動き出した運命・6
もう大丈夫。取り乱したりしない。
そう言い切ったアーフィイに、凛は本来の色を見せた。キラキラと輝く白色の髪。金色ので描かれたような瞳と睫毛。瞳の色は白金。
このまま消えてしまうんじゃないかと不安になる儚さ。思わず伸ばしかけた手を根性で背の後ろに隠し、アーフィイは凛を見つめた。
初めて出会った純血の竜。この世界ではなく、別の世界で生きてきた白竜。
「翼は広げられないのか?」
本来の色を見せてはいるが、翼の存在は一切感じない。
「うん。色は変わってるけど、人間だと思っていたからかな。翼っていうものがわからないんだ」
凛が本気で出そうと思えば出せるのだろうが、今の状況では出せる気がしない。
「そうか。竜化……も無理そうだな」
「うん。身体が全部変化っていうのは翼以上に無理だと思う。練習はしてみるけどね」
人間だと思い込んでいた事が大きいのかもしれない。
「色はさっきの茶色に戻すよ」
「もう変えるのか?」
凛の言葉に、アーフィイが声をあげた。いつまでも見ていたい白竜の色。竜還りでしかないアーフィイにとっては、焦がれすぎる存在でもあった。今までの言葉全てが吹き飛ぶぐらいには。
「そうだね。ちょっと落ち着かなくて。20年間茶色で通してきたからね」
「…そっか」
残念そうなアーフィイに少し胸が痛むが、凛は自分が落ち着く色へと変える。綺麗とは言われるが、凛にとってみたら、まだ完全に受け入れられない色でもあった。
自分はこの世界の人たちとは違うんじゃないかと考えさせられてきた色。地球に住んでいて、何に対しても興味を持てなかった自分への嫌悪が、そう思ってしまうのかもしれない。
「まぁ、お互い慣れていけばいいさ。
いつ行くか……だな。リーンが行けば、こっちの住人を招く事は出来る。
どうせアンタの事だから、全員連れて行きたいとか思ったんだろ」
「見てきたように言うね」
「……当たり前だろ。アンタが行く時に俺たちもクオロノエイに行く。俺たちならゲートを通らずに行けるからな」
「うん。わかった。行く時は呼ぶよ」
アーフィイはクロイツに任せているのか、口を開く事はせず、黙って話しを聞いていた。アーフィイにとってみたら、今日は何を言っていいのか。混乱しすぎて何を言えば良いのか分からなかった。
今まで憎んできた相手を憎まないでくれと伝えられ、それを持ってきた人間が実は純血の竜だった。
その事をクロイツは気付き、アーフィイは気付けなかった。あの2人への憎しみを忘れる事なんて今すぐ出来るはずがない。

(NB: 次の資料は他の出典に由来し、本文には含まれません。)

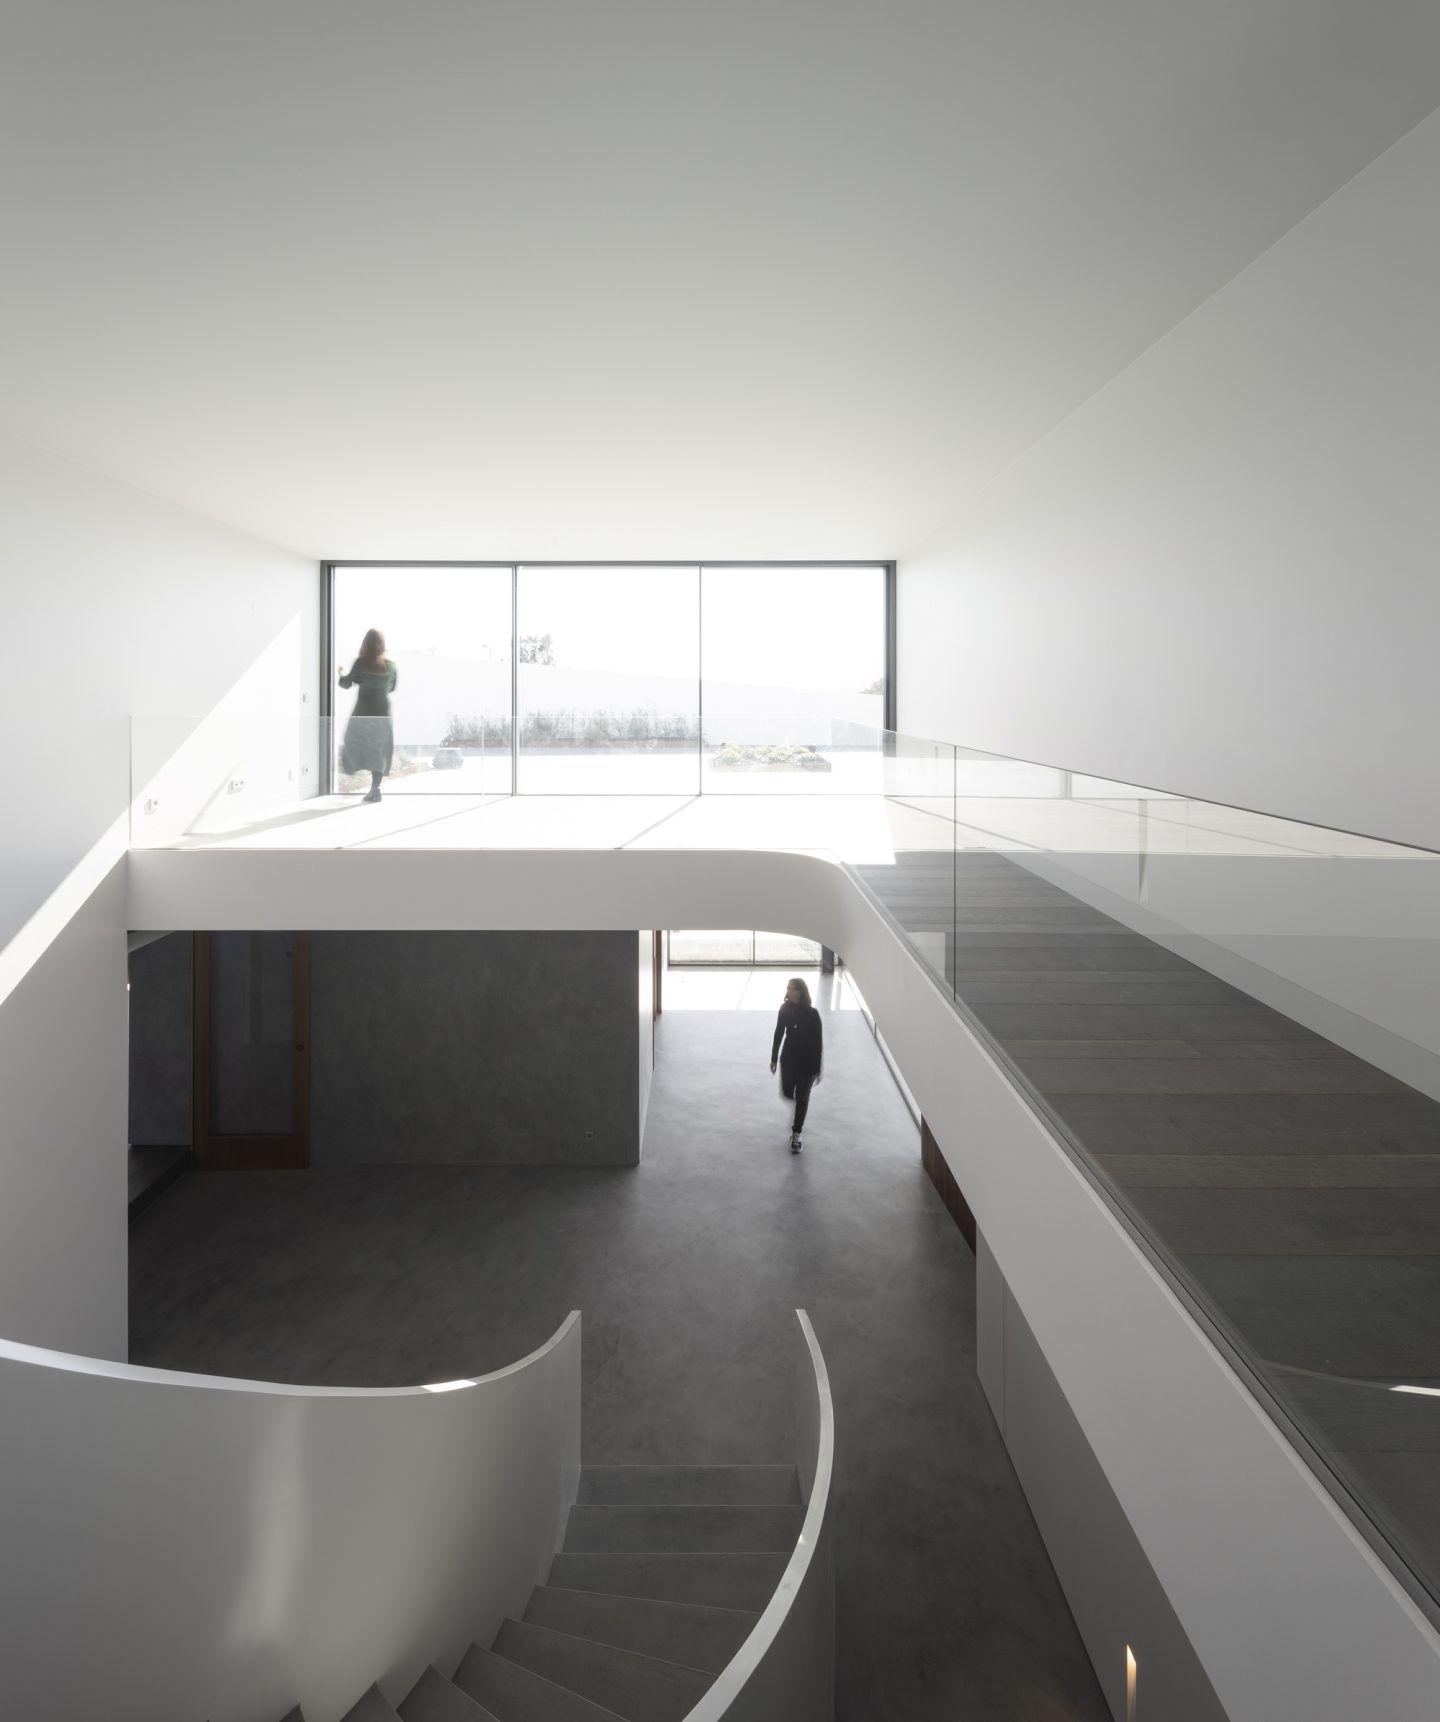 IGNANT-Architecture-Bica-Arquitectos-Belas-Clube-de-Campo-House-017

凛を見てみれば、もう白竜にしか見えない。疲れきり、話を聞くだけで精一杯だったのかもしれない。
「ネイリールさんへの説明任せてもいい?」
「あぁ。アンタはゆっくりと休んでおきな。向こうに行けば、リーンはやる事が多いからな」
「わかった。それじゃーまたね」
クロイツとアーフィイに手を振り、凛はその場から姿を消した。
「今日は大人しかったな」
「情報量が多くて疲れただけだ」
「わかったわかった」
「だから」
「わかっているから、今日はもう休んでおけ。何か嫌な予感がする。しっかり休めとけ」
「…わかった」
クロイツの嫌な予感はよく当たる為、アーフィイは素直に頷き自室へと戻った。
自分の部屋へと戻り、閉じこもりの理由にしていた玉を作り出そうとするが、今まで緊張していたのか手の平に汗をかいていた。
軽く洗い、布で手を拭く。
「ふぅ」
漸く、一息つけた気がした。
手を止めたついでにお茶を用意し、お弁当を広げる。
色とりどりのお弁当。見るだけでも食欲が沸き起こるような気がした。
仲良くなれて嬉しいと、どうやって別れを切り出すかという悩みが複雑に絡み合う。クオロノエイに行った後も、いつでも引っ張れるとクロイツから聞き、少しは安心できたがそれでも不安が消えるわけではない。
ネイリールたちも少しずつ保護をしていくとは思うが、それには期待せず、クオロノエイで琥珀やクロイツたちと話し合った方がいいかもしれない。
ただ、時期については全くわからない。いつ行けば良いのか、それさえ迷う。
「不安が消える事はないんだな」
自覚したらそれはそれで別の不安が沸き起こる。けれど、凛はそれを抑え込み、深く息を吐き出した。
もう物事は進みだした。それを凛が止めるわけにはいかなかった。